India marks milestone in fight against polio
If no previously undisclosed cases of the crippling disease are discovered across the country, India no longer will be considered to be polio endemic, leaving only Pakistan, Afghanistan and Nigeria on that list.
The achievement gives a major morale boost to health advocates and donors who had begun to lose hope of ever defeating the stubborn disease that the world had promised to eradicate by 2000.
It also helps India, which bills itself as one of the world’s emerging powers, shed the embarrassing link to a disease associated with poverty and chaos, one that had been conquered long ago by most of the globe.
The government cautiously welcomed the milestone as a confirmation of its commitment to fighting the disease and the 120 billion rupees ($2.4 billion) it has spent on the program.
“We are excited and hopeful. At the same time, vigilant and alert,” Health Minister Ghulam Nabi Azad said in a statement. Mr. Azad warned that India needed to push forward with its vaccination campaign to ensure the elimination of any residual virus and to prevent the import and spread of virus from abroad.

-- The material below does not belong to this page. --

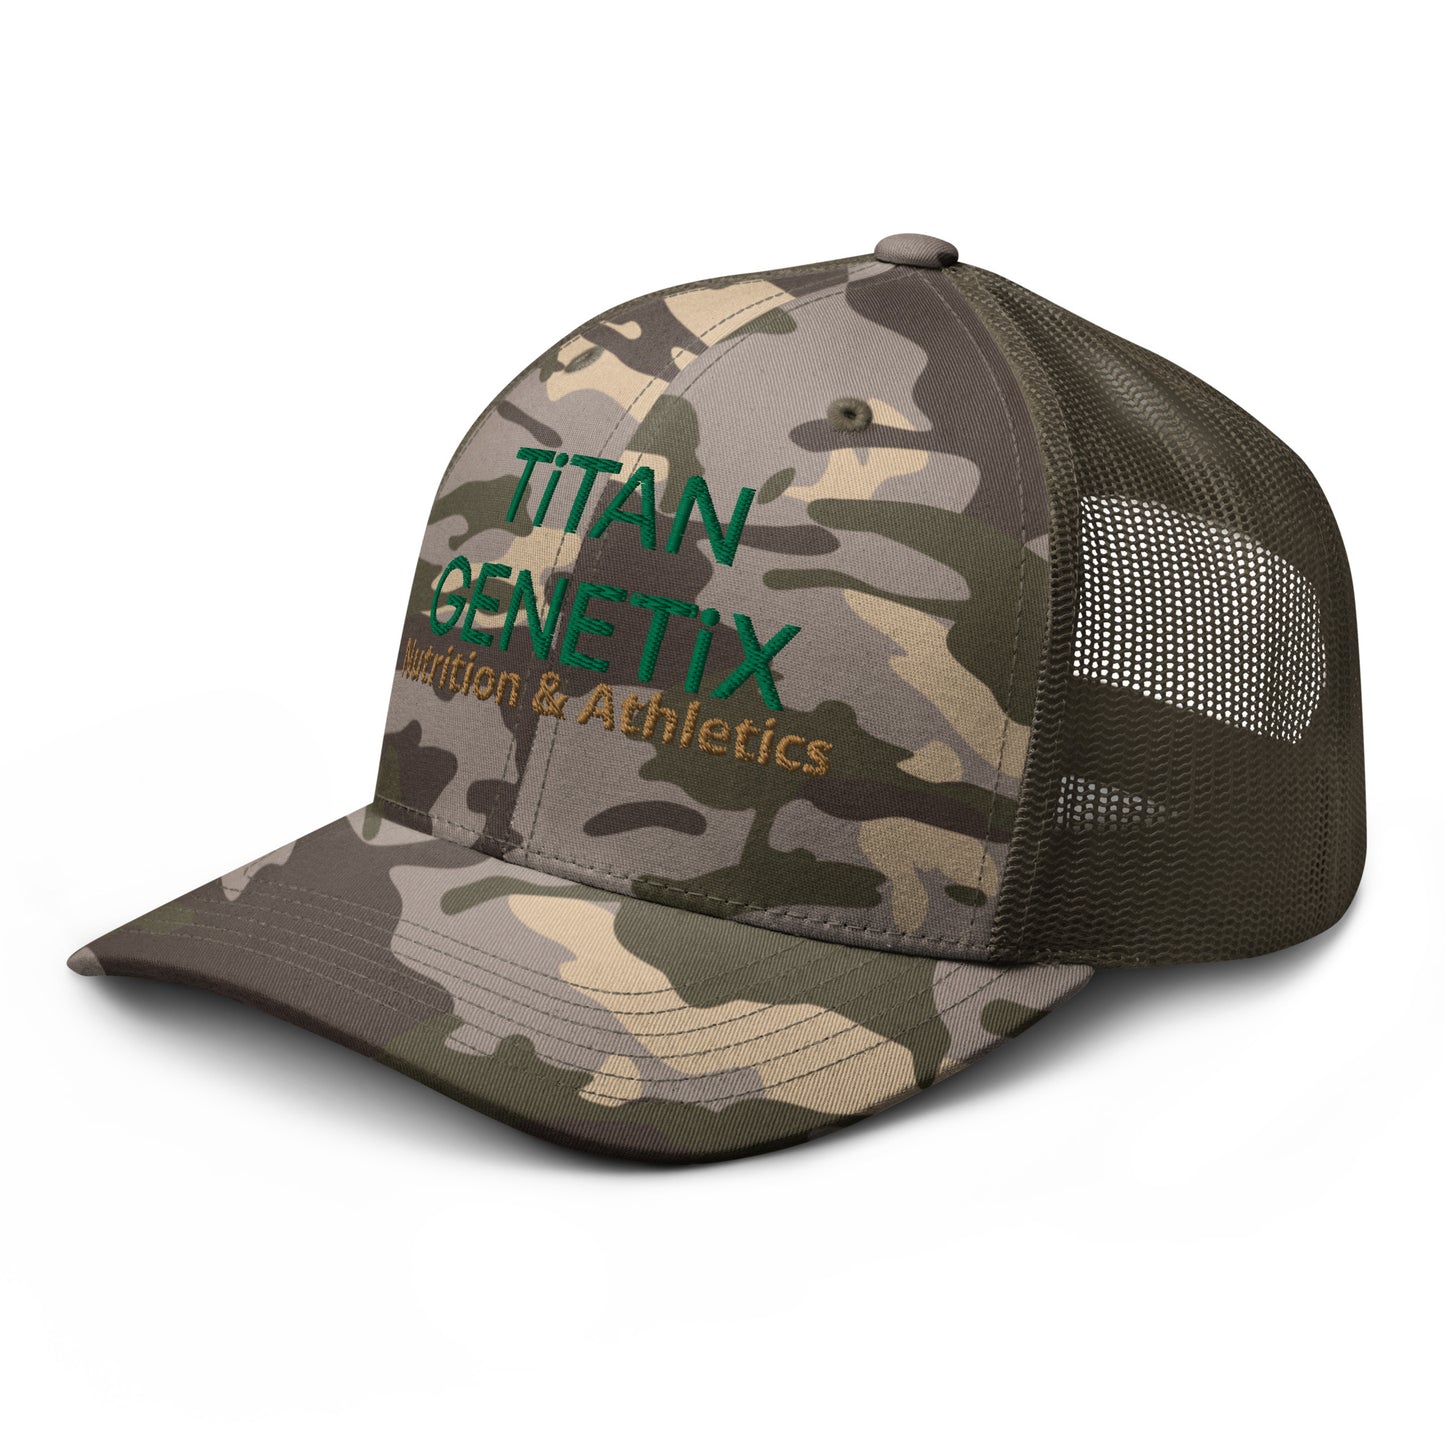 Titan Genetix Camouflage Trucker Hat

The polio virus, which usually infects children in unsanitary conditions, attacks the central nervous system, sometimes causing paralysis, muscular atrophy, deformation and, in some cases, death.

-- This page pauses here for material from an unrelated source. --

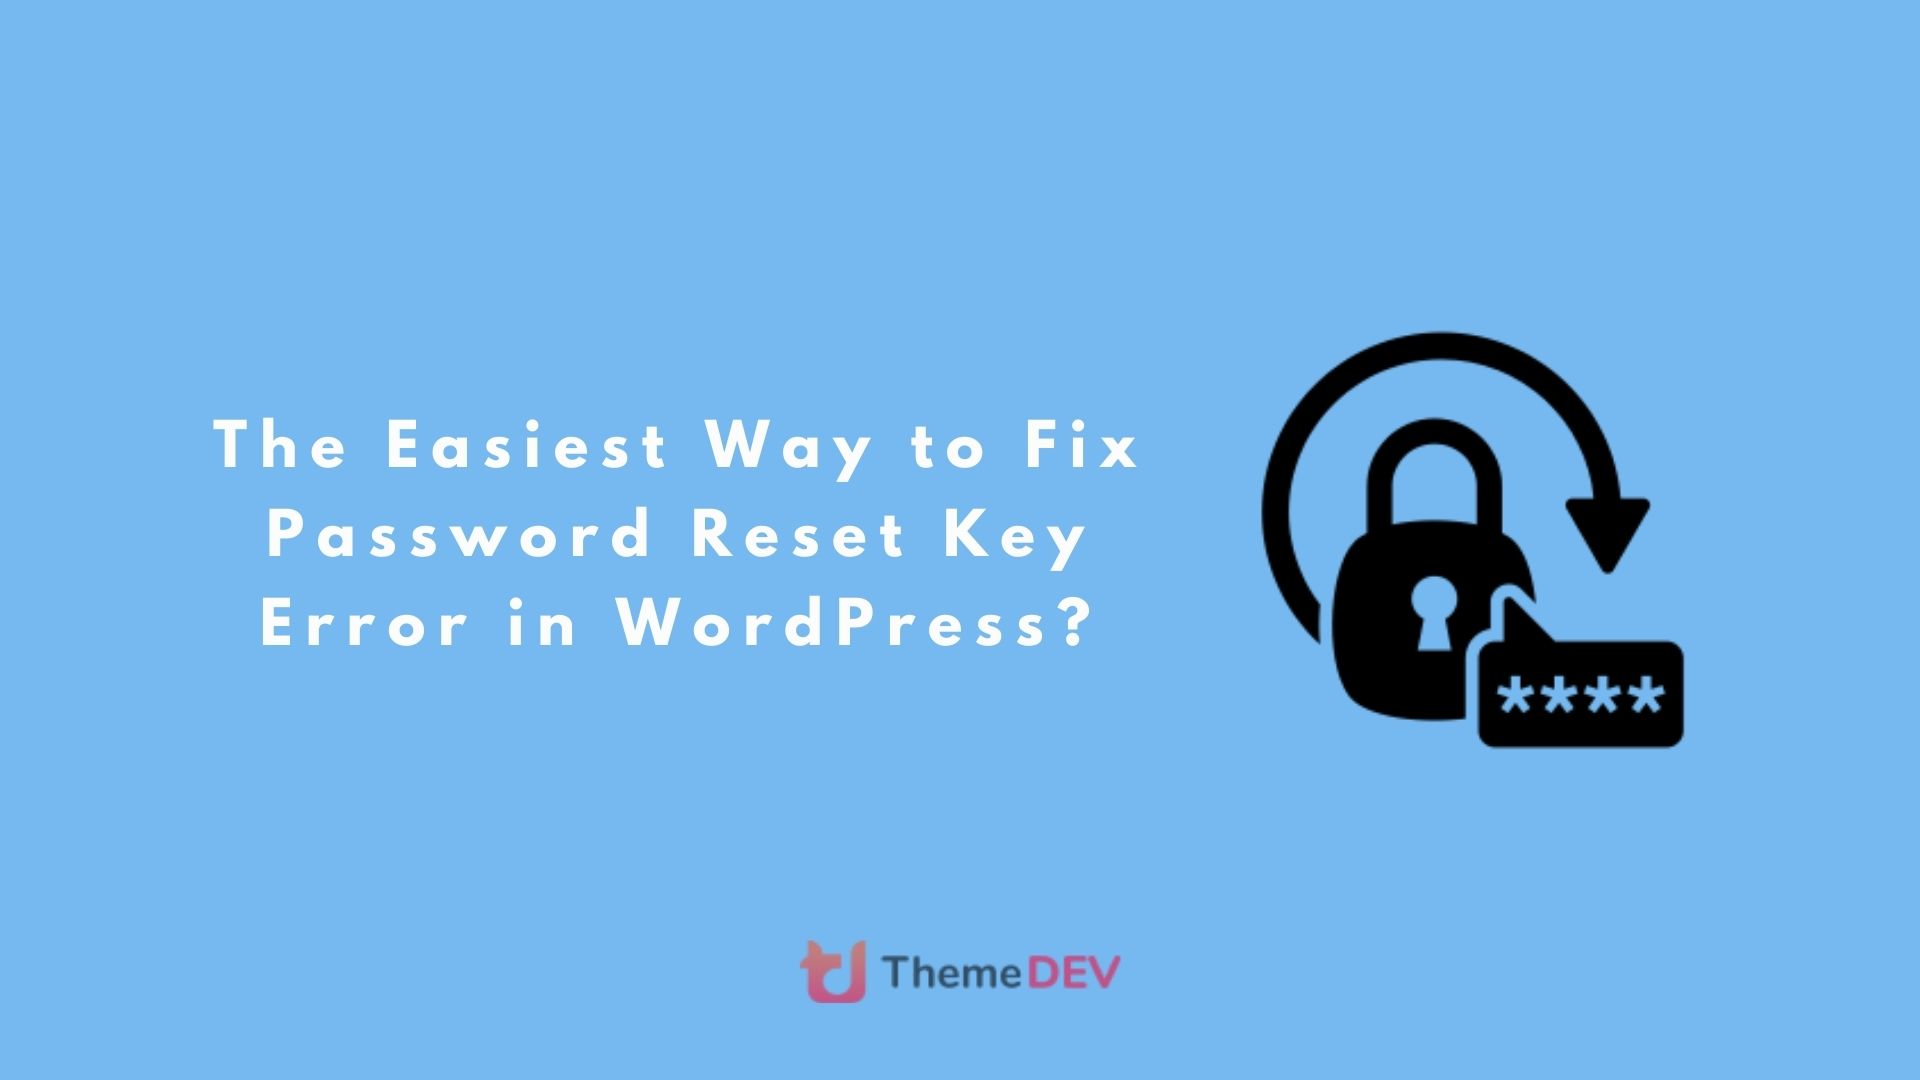 The Easiest Way to Fix Password Reset Key Error in WordPress?

With its dense population, poor sanitation, high levels of migration and weak public health system, India was seen as “the perfect storm of polio,” Mr. Aylward said. In addition, even some vaccinated children fell ill with the virus because malnutrition and chronic diarrhea made their bodies too weak to properly process the oral vaccine.
In 2009, there were 741 cases in the country. That plunged to 42 in 2010. Last year, there was a single case, an 18-month-old girl named Ruksana Khatun who fell ill in the Indian state of West Bengal on Jan. 13. She was the country’s last reported polio victim.

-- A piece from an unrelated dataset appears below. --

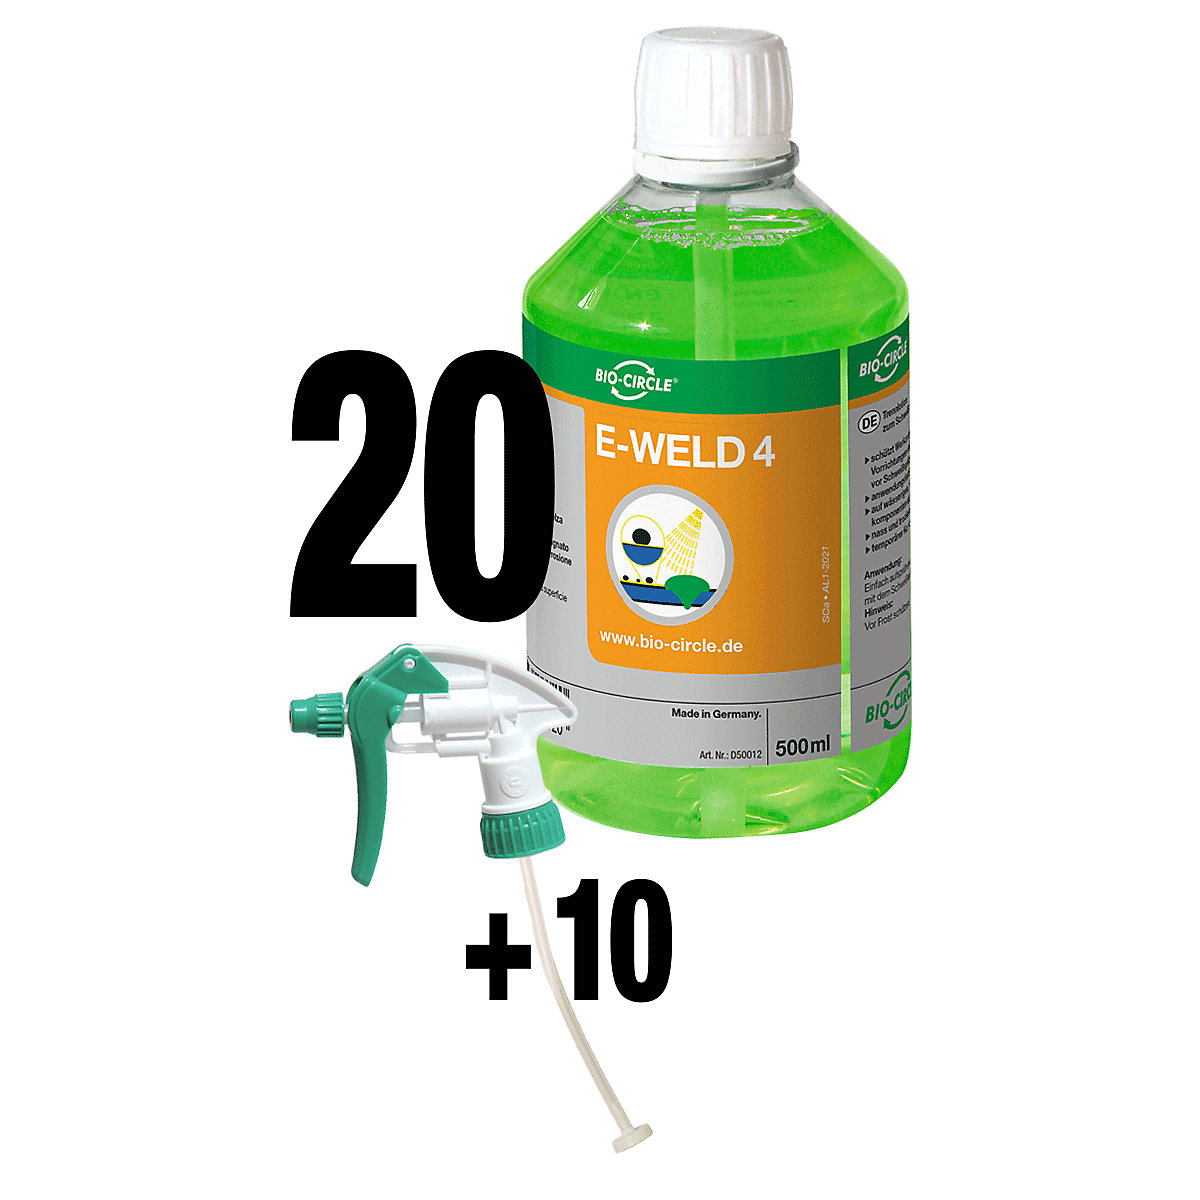 E-WELD 4 hegesztésvédő spray - Bio-Circle

Part of the sudden success is credited to a tighter monitoring program that allowed health officials to quickly hit areas of outbreaks with emergency vaccinations. Part is also attributed to the rollout of a new vaccine in 2010 that more powerfully targeted the two remaining strains of the disease.
Under the $300 million-a-year campaign the government runs with help from the WHO and UNICEF, 2.5 million workers fan out across the country twice a year to give the vaccine to 175 million children.
They hike to remote villages, wander through trains to reach migrating families and stop along roadsides to vaccinate the homeless.
Philanthropist Bill Gates, whose foundation has made polio eradication a priority, hailed India’s achievement as an example of the progress that can be made on difficult development problems.
“Polio can be stopped when countries combine the right elements: political will, quality immunization campaigns and an entire nation’s determination. We must build on this historic moment and ensure that India’s polio program continues to move full-steam ahead until eradication is achieved,” he said in a statement.